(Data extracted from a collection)
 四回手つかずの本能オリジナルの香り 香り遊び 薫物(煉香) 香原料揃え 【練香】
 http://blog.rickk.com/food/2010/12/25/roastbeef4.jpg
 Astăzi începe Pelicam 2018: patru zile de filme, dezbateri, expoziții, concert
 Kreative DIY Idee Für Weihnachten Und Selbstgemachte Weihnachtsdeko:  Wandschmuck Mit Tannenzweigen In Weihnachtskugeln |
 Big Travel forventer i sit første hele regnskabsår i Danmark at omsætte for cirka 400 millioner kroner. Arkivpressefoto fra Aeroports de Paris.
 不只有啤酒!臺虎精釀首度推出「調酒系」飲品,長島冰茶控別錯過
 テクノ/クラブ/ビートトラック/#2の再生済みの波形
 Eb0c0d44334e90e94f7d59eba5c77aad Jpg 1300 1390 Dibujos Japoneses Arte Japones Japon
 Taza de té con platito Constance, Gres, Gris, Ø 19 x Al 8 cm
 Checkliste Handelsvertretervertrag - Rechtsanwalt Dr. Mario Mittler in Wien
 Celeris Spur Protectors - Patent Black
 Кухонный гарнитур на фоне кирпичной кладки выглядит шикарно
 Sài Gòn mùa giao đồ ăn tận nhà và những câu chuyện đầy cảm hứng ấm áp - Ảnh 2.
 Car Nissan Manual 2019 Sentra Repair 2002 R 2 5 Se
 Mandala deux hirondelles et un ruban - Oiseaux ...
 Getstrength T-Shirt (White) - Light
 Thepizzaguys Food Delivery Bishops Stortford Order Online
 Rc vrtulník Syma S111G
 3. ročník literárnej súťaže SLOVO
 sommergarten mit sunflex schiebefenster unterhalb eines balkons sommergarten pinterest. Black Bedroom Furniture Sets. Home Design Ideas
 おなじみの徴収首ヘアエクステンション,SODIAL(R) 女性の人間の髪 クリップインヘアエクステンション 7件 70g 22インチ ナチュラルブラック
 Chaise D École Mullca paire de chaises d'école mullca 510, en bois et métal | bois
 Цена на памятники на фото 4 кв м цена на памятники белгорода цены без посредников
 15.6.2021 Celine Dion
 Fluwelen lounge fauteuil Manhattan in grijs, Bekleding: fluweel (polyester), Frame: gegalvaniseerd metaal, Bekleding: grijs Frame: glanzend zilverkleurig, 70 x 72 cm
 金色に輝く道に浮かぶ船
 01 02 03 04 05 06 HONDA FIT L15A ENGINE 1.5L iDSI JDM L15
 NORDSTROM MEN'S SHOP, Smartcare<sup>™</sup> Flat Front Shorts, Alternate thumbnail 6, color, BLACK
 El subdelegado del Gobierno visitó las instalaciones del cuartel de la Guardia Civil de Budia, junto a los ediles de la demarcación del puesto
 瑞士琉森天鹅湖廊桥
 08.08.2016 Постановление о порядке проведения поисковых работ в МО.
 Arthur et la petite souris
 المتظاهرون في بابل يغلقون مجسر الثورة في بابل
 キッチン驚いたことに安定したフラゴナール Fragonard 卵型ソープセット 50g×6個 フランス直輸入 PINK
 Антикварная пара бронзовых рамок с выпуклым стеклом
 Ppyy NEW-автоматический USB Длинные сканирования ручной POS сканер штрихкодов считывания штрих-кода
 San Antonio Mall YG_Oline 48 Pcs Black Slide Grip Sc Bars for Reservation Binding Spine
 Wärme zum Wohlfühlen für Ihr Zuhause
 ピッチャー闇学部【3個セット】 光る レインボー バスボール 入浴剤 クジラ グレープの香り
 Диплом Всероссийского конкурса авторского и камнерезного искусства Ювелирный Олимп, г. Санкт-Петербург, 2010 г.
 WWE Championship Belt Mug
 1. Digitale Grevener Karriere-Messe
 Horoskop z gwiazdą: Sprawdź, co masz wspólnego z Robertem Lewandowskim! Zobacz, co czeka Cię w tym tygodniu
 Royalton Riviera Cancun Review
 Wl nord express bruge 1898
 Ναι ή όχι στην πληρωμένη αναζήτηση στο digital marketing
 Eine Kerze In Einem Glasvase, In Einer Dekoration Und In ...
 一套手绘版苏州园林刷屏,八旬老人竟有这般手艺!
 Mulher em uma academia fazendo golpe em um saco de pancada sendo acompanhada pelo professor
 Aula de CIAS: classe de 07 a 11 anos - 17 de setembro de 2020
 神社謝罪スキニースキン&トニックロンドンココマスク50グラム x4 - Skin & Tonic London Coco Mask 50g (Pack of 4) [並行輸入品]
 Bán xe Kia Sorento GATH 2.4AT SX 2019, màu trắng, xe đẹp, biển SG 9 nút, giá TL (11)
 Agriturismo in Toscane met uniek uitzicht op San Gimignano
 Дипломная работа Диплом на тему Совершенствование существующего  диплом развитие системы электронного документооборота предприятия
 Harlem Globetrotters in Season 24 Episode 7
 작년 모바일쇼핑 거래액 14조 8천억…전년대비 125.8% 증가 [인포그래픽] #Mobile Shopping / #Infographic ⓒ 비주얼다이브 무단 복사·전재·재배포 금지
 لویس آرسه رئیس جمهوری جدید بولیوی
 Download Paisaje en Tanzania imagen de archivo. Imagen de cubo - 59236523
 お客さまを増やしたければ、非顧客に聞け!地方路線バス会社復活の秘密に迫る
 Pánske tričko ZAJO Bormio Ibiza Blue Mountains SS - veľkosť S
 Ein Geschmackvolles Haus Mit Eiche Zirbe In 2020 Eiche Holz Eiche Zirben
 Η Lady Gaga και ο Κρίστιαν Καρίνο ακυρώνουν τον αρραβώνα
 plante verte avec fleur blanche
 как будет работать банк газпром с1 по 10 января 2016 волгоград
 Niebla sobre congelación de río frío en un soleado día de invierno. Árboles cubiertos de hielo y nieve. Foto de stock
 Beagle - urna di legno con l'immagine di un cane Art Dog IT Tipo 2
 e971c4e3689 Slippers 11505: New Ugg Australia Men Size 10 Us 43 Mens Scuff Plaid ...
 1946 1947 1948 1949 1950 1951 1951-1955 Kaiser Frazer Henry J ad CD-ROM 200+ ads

■ YOUR OBJECTIVE ■
Taking the records above, retype every line from the one with "المتظاهرون في بابل" down to the one with "San Antonio Mall", exactly and with nothing else.

■ EXERCISE RESULT ■
 المتظاهرون في بابل يغلقون مجسر الثورة في بابل
 キッチン驚いたことに安定したフラゴナール Fragonard 卵型ソープセット 50g×6個 フランス直輸入 PINK
 Антикварная пара бронзовых рамок с выпуклым стеклом
 Ppyy NEW-автоматический USB Длинные сканирования ручной POS сканер штрихкодов считывания штрих-кода
 San Antonio Mall YG_Oline 48 Pcs Black Slide Grip Sc Bars for Reservation Binding Spine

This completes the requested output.